_Exercise description:_ Find the line below with "Avengers world premiere" and the line with "HEC Jobs 2021 Apply". Output exactly those lines and everything between them, leaving out the pictures.

_Information supplied:_

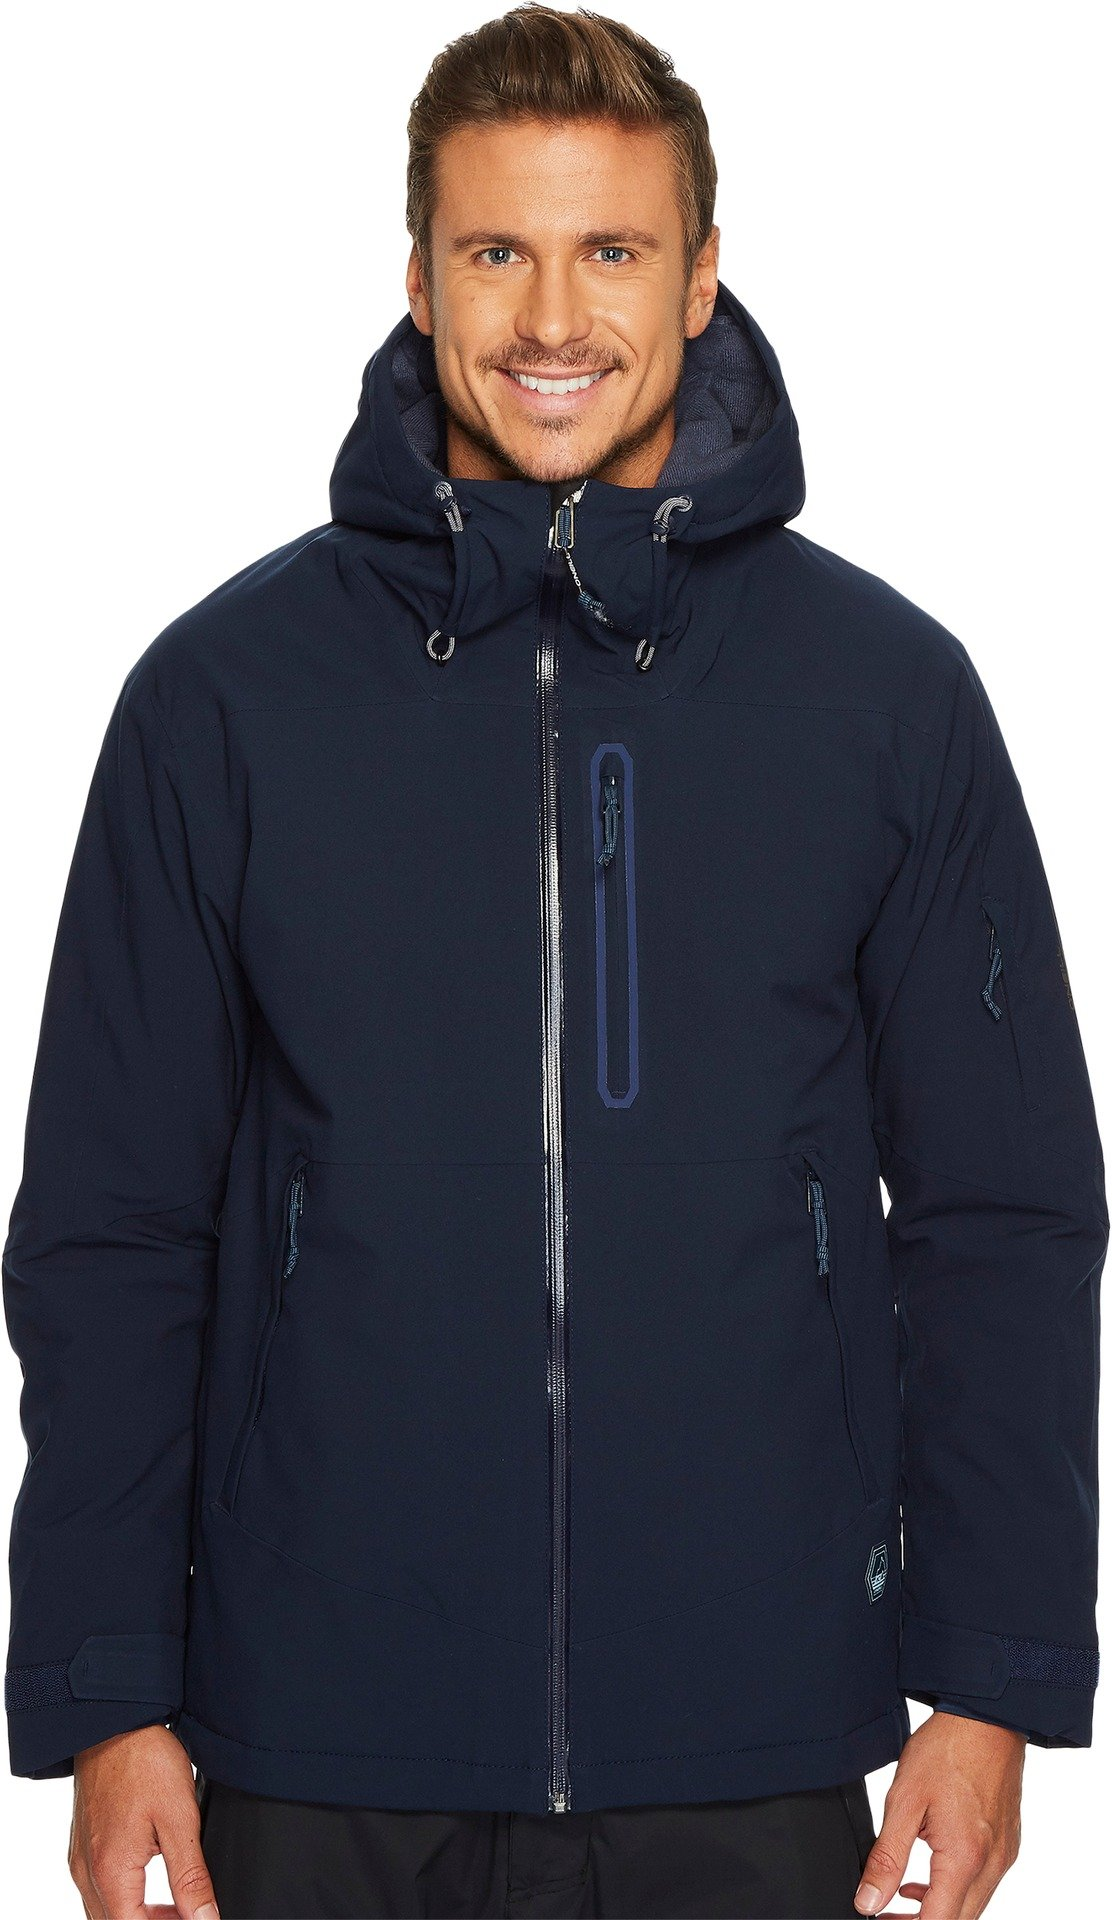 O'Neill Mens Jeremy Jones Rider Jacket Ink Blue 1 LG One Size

==

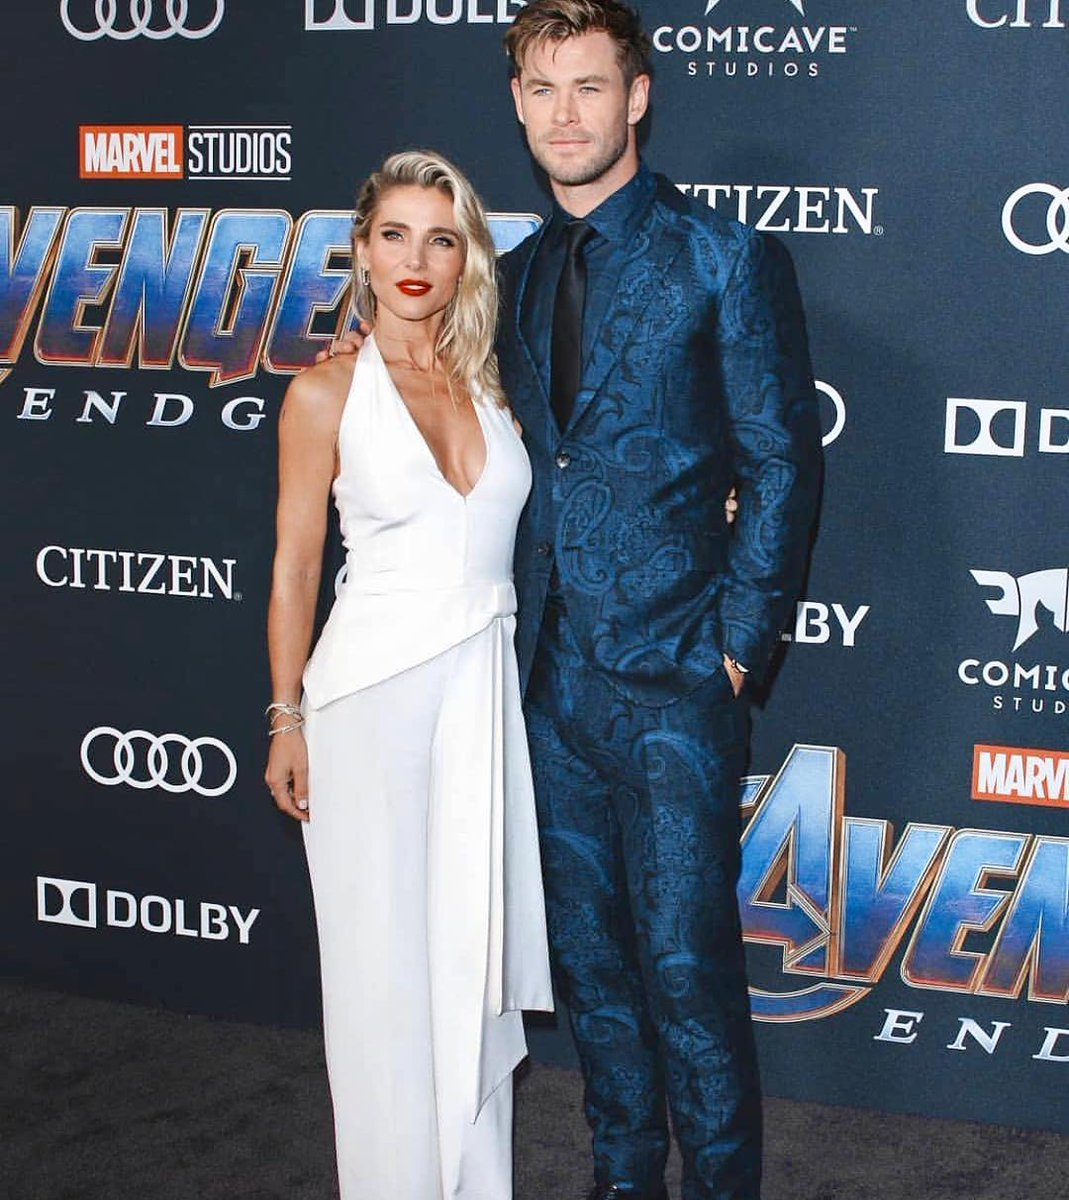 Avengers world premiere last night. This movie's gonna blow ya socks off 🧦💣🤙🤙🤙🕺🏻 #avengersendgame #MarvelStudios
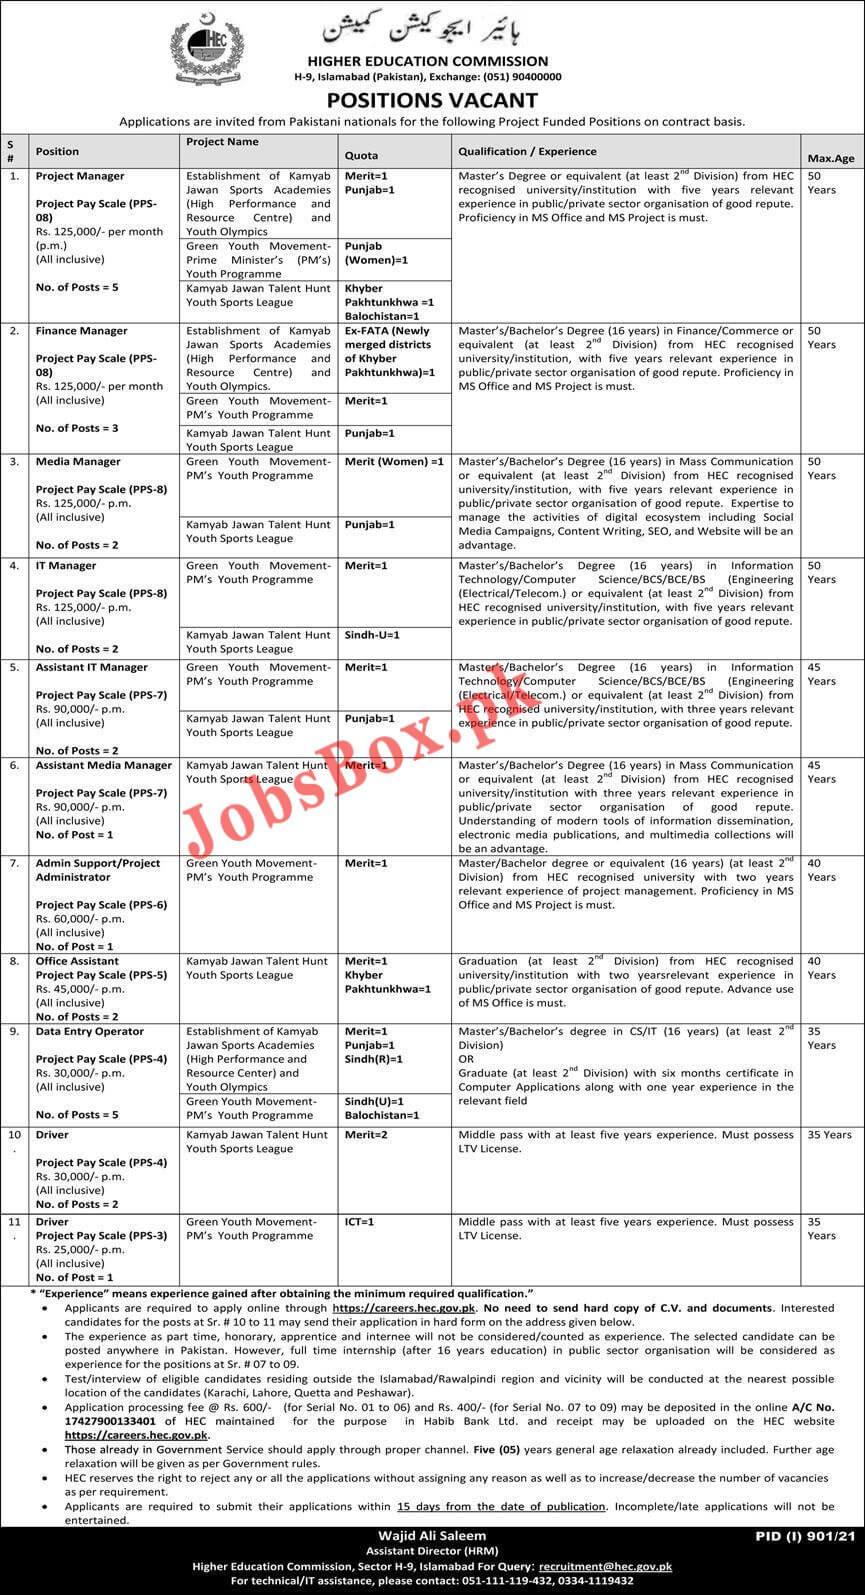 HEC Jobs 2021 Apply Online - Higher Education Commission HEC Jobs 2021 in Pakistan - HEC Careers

_Answer to the exercise:_
 Avengers world premiere last night. This movie's gonna blow ya socks off 🧦💣🤙🤙🤙🕺🏻 #avengersendgame #MarvelStudios
 HEC Jobs 2021 Apply Online - Higher Education Commission HEC Jobs 2021 in Pakistan - HEC Careers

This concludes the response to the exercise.